The Virtues of Laziness in Model-based RL: A Unified Objective and Algorithms

Anirudh Vemula,Yuda Song,Aarti Singh,J. Andrew Bagnell,Sanjiban Choudhury

We propose a novel approach to addressing two fundamental challenges in Model-based Reinforcement Learning (MBRL): the computational expense of repeatedly finding a good policy in the learned model, and the objective mismatch between model fitting and policy computation. Our "lazy" method leverages a novel unified objective, Performance Difference via Advantage in Model, to capture the performance difference between the learned policy and expert policy under the true dynamics. This objective demonstrates that optimizing the expected policy advantage in the learned model under an exploration distribution is sufficient for policy computation, resulting in a significant boost in computational efficiency compared to traditional planning methods. Additionally, the unified objective uses a value moment matching term for model fitting, which is aligned with the model's usage during policy computation.

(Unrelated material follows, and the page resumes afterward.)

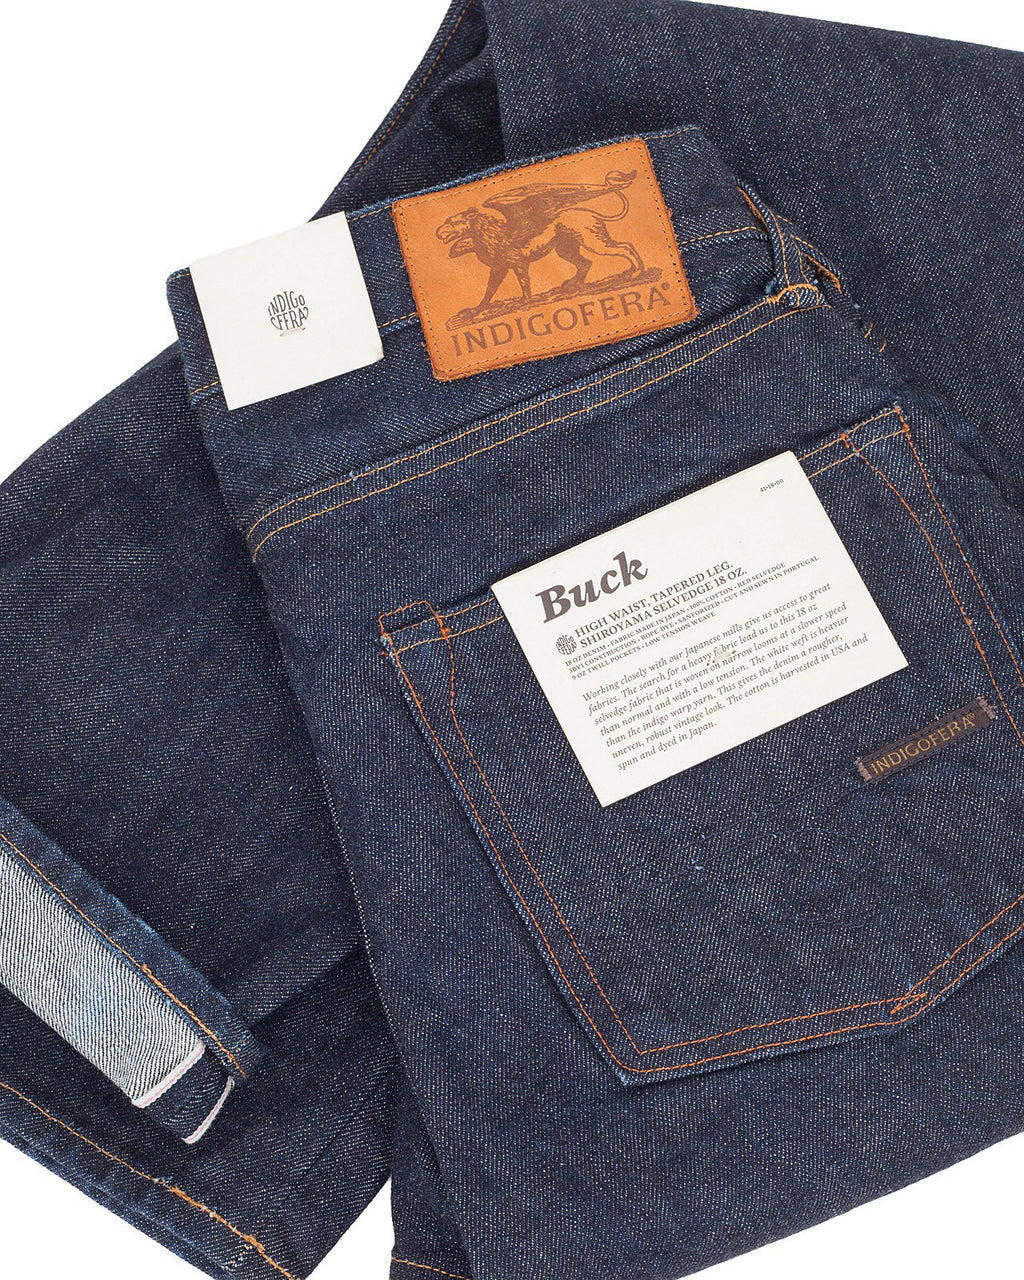 Indigofera Buck Jeans, Shiroyama Rinse

We present two no-regret algorithms to optimize the proposed objective, and demonstrate their statistical and computational gains compared to existing MBRL methods through simulated benchmarks.

秩 · 值域 · 得分 · 論文 · 社會計算 ·

2023 年 2 月 28 日

Ranked Choice Voting And the Center Squeeze in the Alaska 2022 Special Election: How Might Other Voting Methods Compare?

Jeanne N. Clelland

from arxiv, 12 pages, 8 tables, 3 figures

The August 2022 special election for U.S. House Representative in Alaska featured three main candidates and was conducted by by single-winner ranked choice voting method known as ``instant runoff voting." The results of this election displayed a well-known but relatively rare phenomenon known as the ``center squeeze:" The most centrist candidate, Mark Begich, was eliminated in the first round despite winning an overwhelming majority of second-place votes. In fact, Begich was the {\em Condorcet winner} of this election: Based on the cast vote record, he would have defeated both of the other two candidates in head-to-head contests, but he was eliminated in the first round of ballot counting due to receiving the fewest first-place votes. The purpose of this paper is to use the data in the cast vote record to explore the range of likely outcomes if this election had been conducted under two alternative voting methods: Approval Voting and STAR (``Score Then Automatic Runoff") Voting. We find that under the best assumptions available about voter behavior, the most likely outcomes are that Peltola would still have won the election under Approval Voting, while Begich would have won under STAR Voting.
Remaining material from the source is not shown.